Rozdział 8: Jak to możliwe?

Rozdział 8: Jak to możliwe?

Punkt widzenia Alfy Aidena

Nie mogę uwierzyć, że ona nadal śpi o tej porze. Użyłem cienkiej nitki, aby ją połaskotać, a ona śmiała się przez sen, mówiąc: „Przestań, Lucas, łaskoczesz mnie.”

Kim do diabła jest Lucas? Czy on też jest wilkołakiem? Czy został przez niego odrzucony? Czy to dlatego stała się moją partnerką? Dlaczego jestem teraz tak zazdrosny? Mam ochotę wyrwać serce Lucasowi.

Otworzyła powoli oczy, a potem znowu je zamknęła, po czym nagle otworzyła je szeroko i spojrzała na mnie, krzycząc: „Kim jesteś? Co mi zrobiłeś? Jak się tu włamałeś? I dlaczego jesteś nagi?”

Zastanawiam się, dlaczego ludzie są tak słabi z natury, nawet nie może spojrzeć mi w oczy. Odpowiedziałem z odwagą: „Zadajesz tyle pytań naraz, a ledwo możesz spojrzeć mi w oczy, słaby człowieku.”

„Jak mam patrzeć na nagiego mężczyznę? Zadzwonię na policję, żeby cię stąd wyprowadzili, jeśli się nie wytłumaczysz i nie wyjdziesz.” Ostrzegła mnie, a to było tak zabawne, że słaby człowiek ostrzega potężnego alfę jak ja. Nie mogłem powstrzymać śmiechu. „Co jest takiego śmiesznego? Dlaczego się śmiejesz?” zapytała.

„Bo, bez względu na to, kogo zadzwonisz, nie będą mi dorównywać, mogę łatwo zmiażdżyć ich kości.” Dałem jej do zrozumienia, na co mnie stać, i wierzę, że nie rozpoznaje mnie jako faceta, którego pocałowała w trumnie.

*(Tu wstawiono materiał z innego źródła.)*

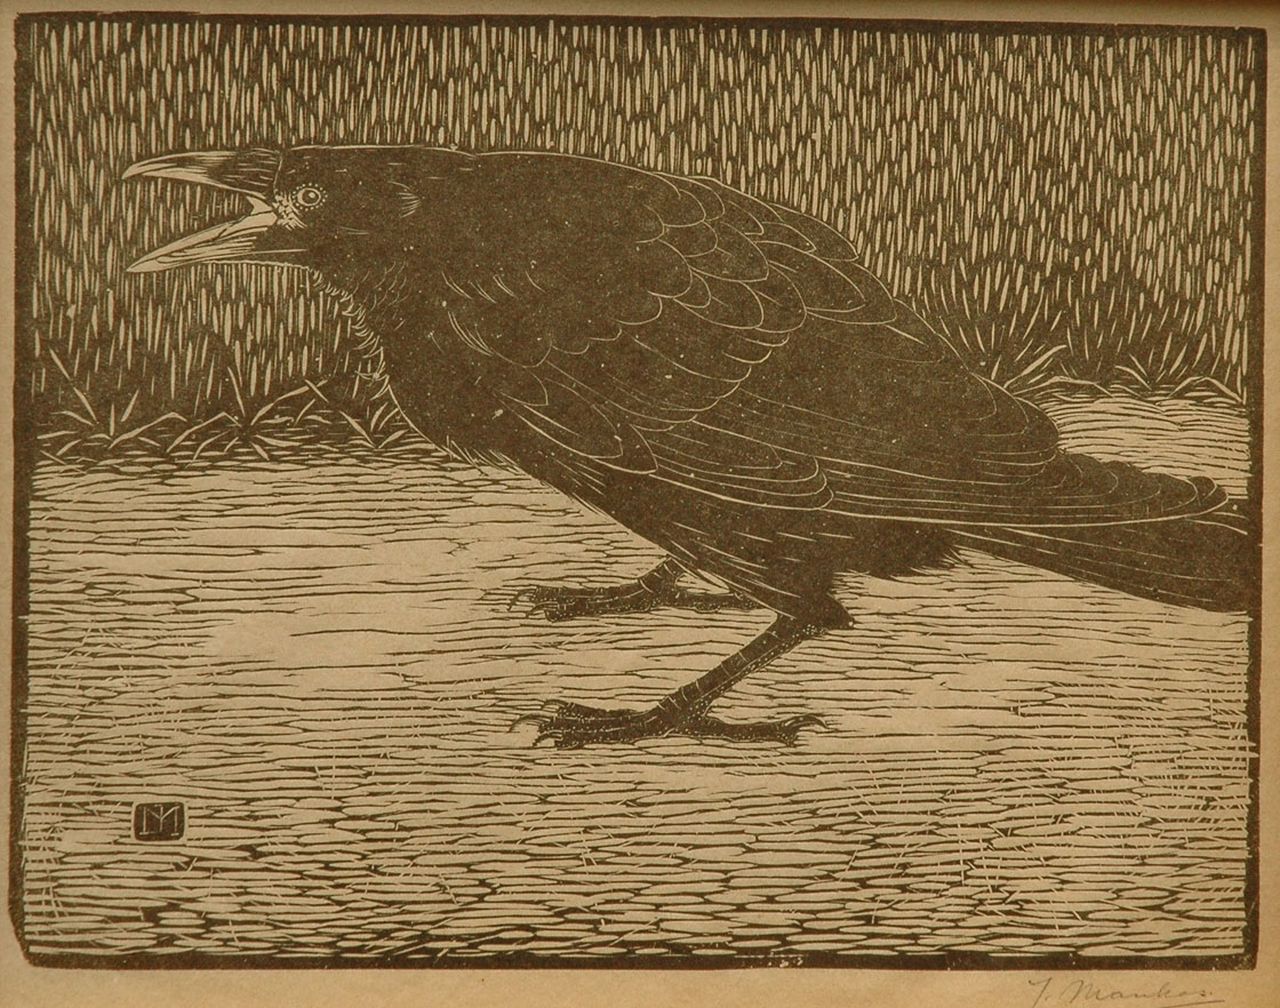 Mankes J.  | Jan Mankes, A screaming crow, Holzstich auf japanischem Papier 18,3 x 23,8 cm, signed with mon. in the block and l.r. in full (in pencil und executed 1918

Zauważyłem, że jej oczy zatrzymały się na mojej klatce piersiowej, a kiedy to zauważyłem, szybko powiedziała:

„Hej, wyjdź z mojego domu, nie potrzebuję więcej odpowiedzi.”

Od razu się wściekłem, mówiąc: „Nie możesz mną rządzić jak swoim psem, zostaję tam, gdzie chcę, i wychodzę, kiedy decyduję.”

Podeszła do mnie i spoliczkowała mnie. Nie spodziewałem się tego. Nikt nigdy mnie nie uderzył w twarz. Nawet jeśli nie pamiętam rzeczy z przeszłości, wiem, że nikt nie odważyłby się mnie uderzyć.

„Jak śmiesz…” przerwała mi, „Zamknij się, ani słowa, teraz słuchaj, będę udawać, że nie widziałam, jak włamałeś się do mojego domu, żeby mnie zgwałcić, i wiem, że jestem piękna, ale ty zdecydowanie nie jesteś w moim typie. Chcę, żebyś wziął mój koc jako przysługę ode mnie, żeby zakryć swoją nagość, i natychmiast opuścił mój dom.”

Poczułem dziwne uczucie na czole, które kontrolowało całe moje ciało, zmuszając mnie do posłuszeństwa we wszystkim, co powiedziała. Wziąłem koc, zakryłem się nim i wyszedłem z jej domu, nie mogąc wrócić, jakby to było zaklęcie.

Wyszedłem całkowicie z domu, a przechodnie śmiali się, patrząc na mnie. Myślałem, co zrobić, aby to zatrzymać. Mogłem zacząć zabijać ich jednego po drugim, ale rozwiązaniem było zdobycie nowych ubrań, aby zakryć swoje ciało, a potem pomyślę, jak dostać się do mojej partnerki i powstrzymać ją przed kontrolowaniem mnie.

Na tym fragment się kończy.